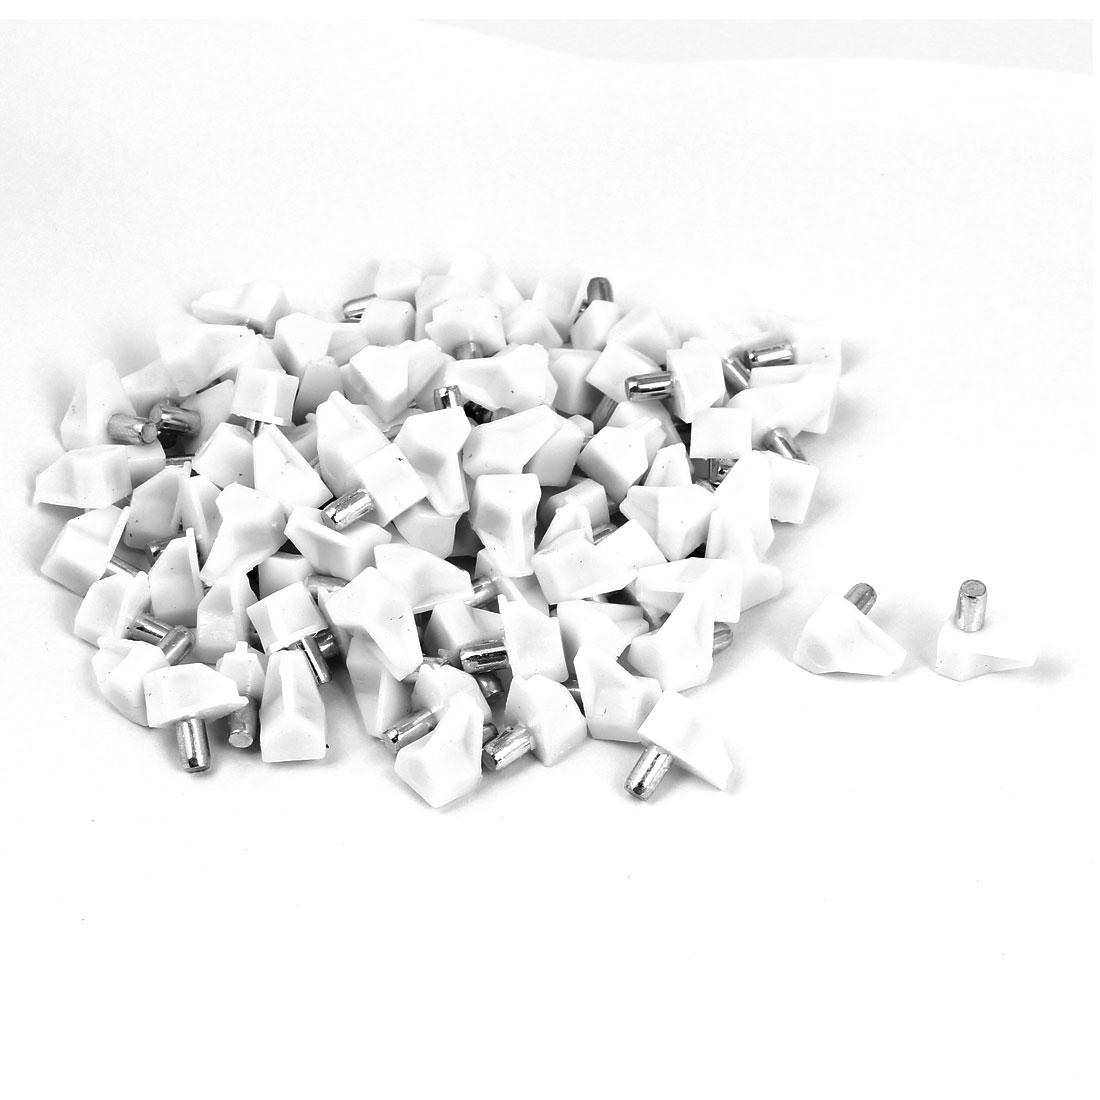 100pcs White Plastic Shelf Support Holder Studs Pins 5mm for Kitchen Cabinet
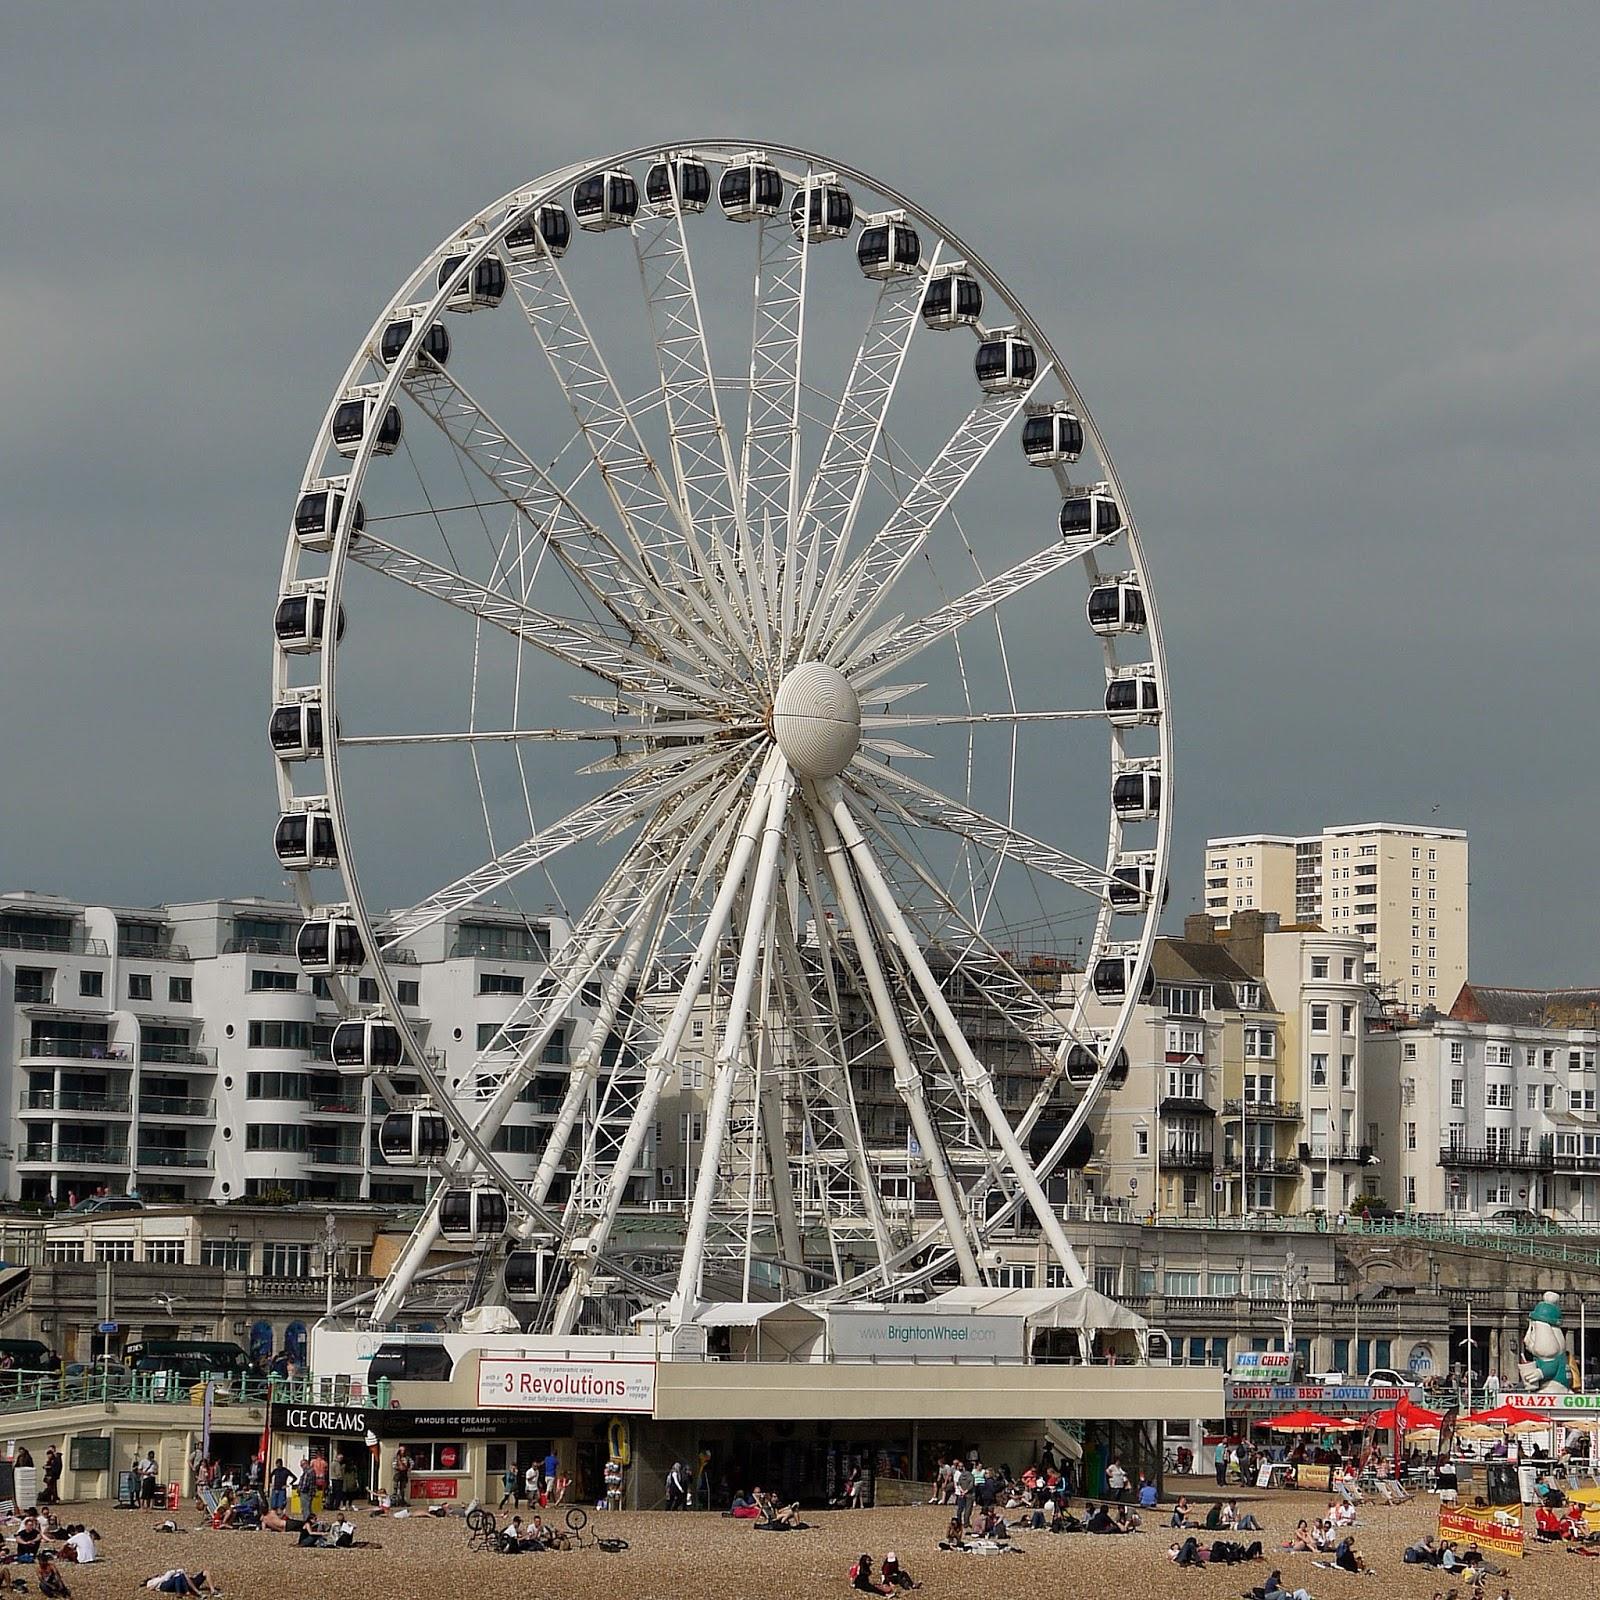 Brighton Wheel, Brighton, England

...

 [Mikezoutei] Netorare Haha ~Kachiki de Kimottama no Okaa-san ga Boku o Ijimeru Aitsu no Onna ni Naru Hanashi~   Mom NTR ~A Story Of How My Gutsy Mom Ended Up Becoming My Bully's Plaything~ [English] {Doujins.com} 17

◆ **Assignment**: Keep to the stretch from the line containing "100pcs White Plastic" through the line containing "Brighton Wheel, Brighton, England", both ends included, and copy it exactly from the listing above, minus the pictures.

◆ **Reply to the exercise**:
 100pcs White Plastic Shelf Support Holder Studs Pins 5mm for Kitchen Cabinet
 Brighton Wheel, Brighton, England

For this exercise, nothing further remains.